The Second Stage at GG #53
ガーディアン・ガーデンでは「The Second Stage at GG」シリーズの53回目として、光岡幸一展「ぶっちぎりのゼッテー120%」を開催します。本シリーズは、若手アーティストを応援するガーディアン・ガーデンの公募展入選者の中から、各界で活躍する作家の、その後の活動を伝えるための展覧会です。
光岡はリサーチに基づいたプロジェクトベースの作品を、インスタレーションやパフォーマンス、写真、ドローイングといった手法を使って制作してきました。その中で、身近な友人たちのポートレート作品で第13、14回写真「1_WALL」ファイナリストに選出されました。その後も、プロジェクトに巻き込む人々や物事のスケールを増しながら、個展の開催、グループ展、芸術祭への参加など、精力的に活動を続けています。
撤去されようとしていたホームレスの台車を引き取り、補修し、持ち主へ返す様子をドキュメンテーションした「夢をみない夜」では、社会の中でかき消されそうな事象をすくい上げ、開示してきました。渋谷にある展覧会会場の下に湧いている地下水を会場内に引き込み、写真の上に泥でドローイングを行った「もしもといつも」では、展示空間の特性を引き出しながら、同時に渋谷という街の構造をあらわにしました。本作品は2021年写真新世紀優秀賞を受賞しています。いずれの作品にも独自のユーモアが盛り込まれており、そこからは偶然の出会いと物や場所の特性を面白がり、想像力を働かせることを楽しんでいる様子がうかがえます。

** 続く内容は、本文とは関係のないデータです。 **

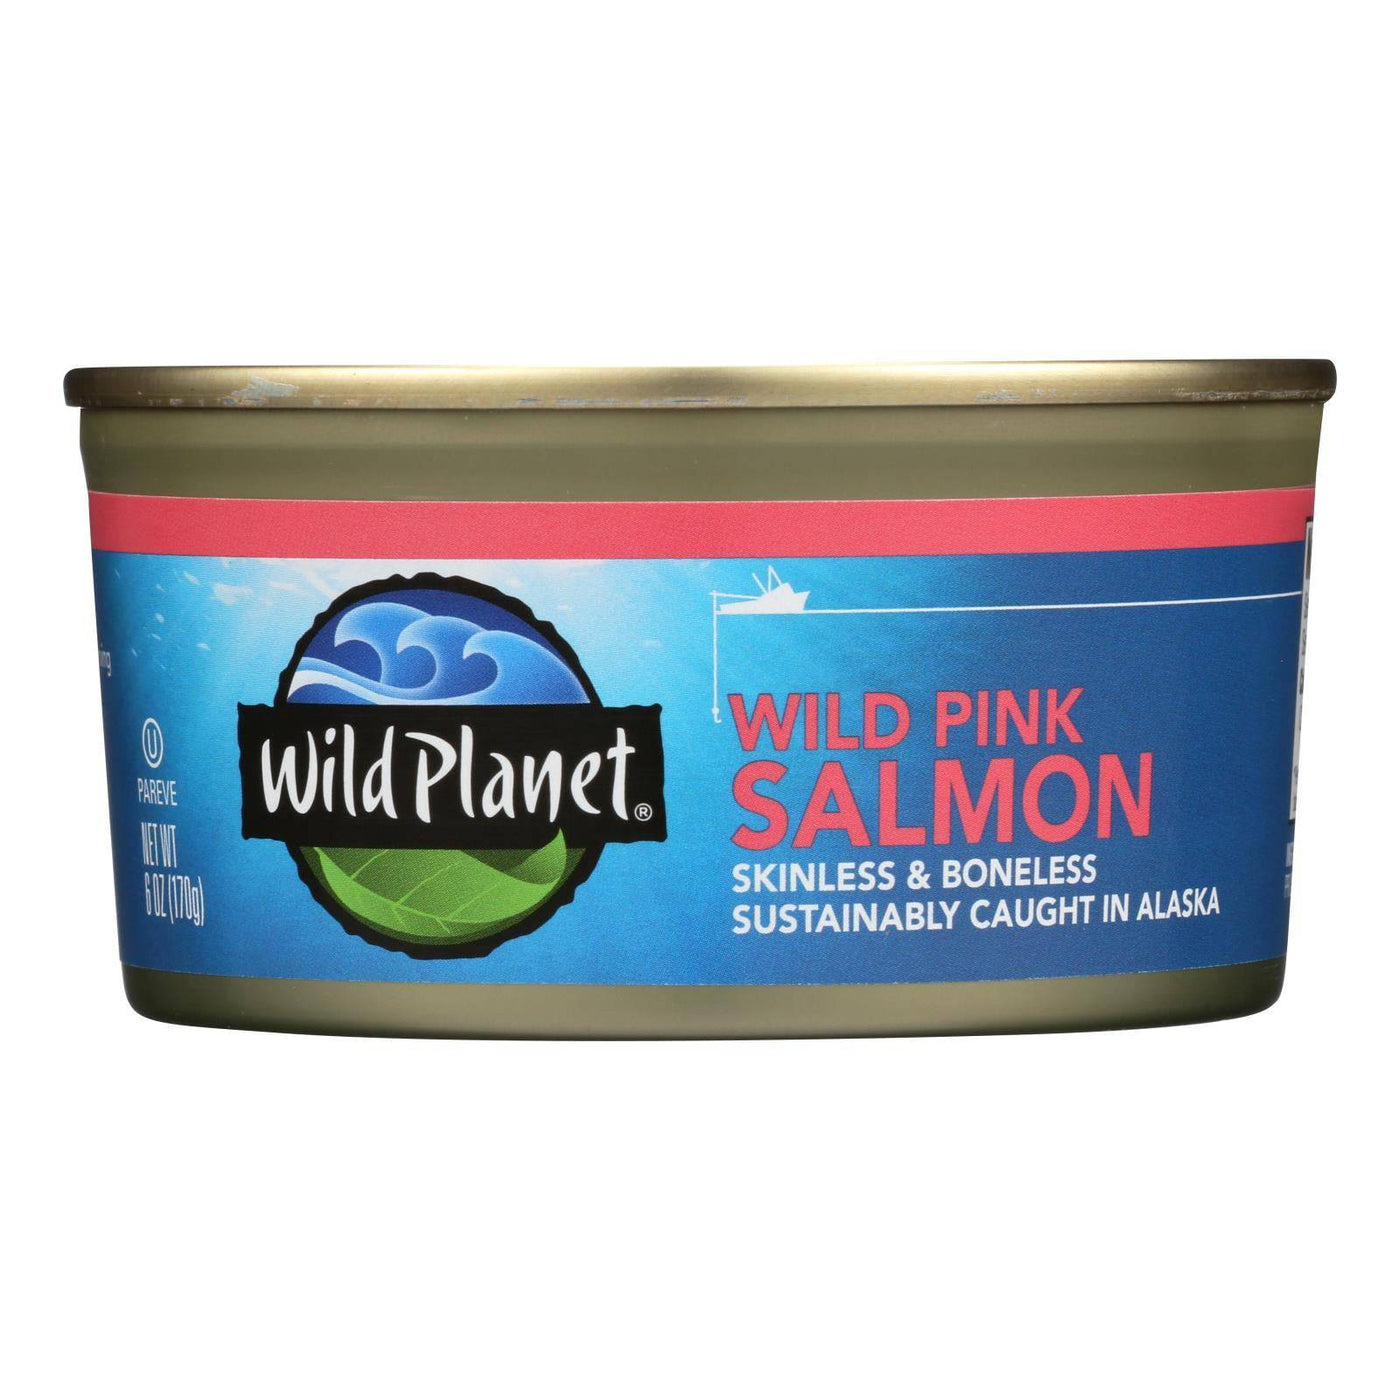 Buy Wild Planet Wild Alaskan Pink Salmon - Case Of 12 - 6 Oz.  at OnlyNaturals.us

今回のタイトル「ぶっちぎりのゼッテー120%」は、光岡がアルバイト先で倉庫整理中に見つけたメモ帳に書かれていた一節から取られています。他者の言葉をタイトルにすることからも、偶然出会う物事や人々との関わりを積極的に作品の中に取り込んできた光岡の制作姿勢が見受けられます。本展覧会ではガーディアン・ガーデンの場所をキーワードに新作インスタレーションを展示します。開館から22年の時間、銀座の地下にあるということを踏まえ、光岡が2023年8月に閉館するガーディアン・ガーデンの空間から立ち上げるものは何か。ぜひ、会場でご覧ください。
作家挨拶
期限切れの紙のクーポン券の事が気になっている。最近はほとんど見なくなったが、今でもたまに薬局やラーメン屋のレジで半強制的に渡され、店員の目の前でレシート箱に放り込むのも何となく気が引けてしまいとりあえず持ち帰るのだが使ったためしはなく、気が付くと財布の奥底でひっそりと期限を切らしている。そうなるといよいよ機能を失った紙屑になってしまい捨てるしかなく、そうさせてしまった自分は、いつもクーポンに対して少し申し訳ない気持ちになるのだ(かといっていざレジではその存在を忘れるのだが)。そこでクーポンと何かできないかと考えた。とりあえず家中の紙クーポンをかき集めたところ、期限が2年過ぎた長老クーポンに出会った。そこからそのクーポンとの協働が始まったのだ。自分はいつもこんな感じで気になったモノと、自分なりの関わり方を探っていくうちに、たまにそれが作品になったりもしている。その相手は人であったり、植物や風や石、あとは歴史や風景などいろいろだ。そして今回の展示にこのクーポンは関係ないのであしからず。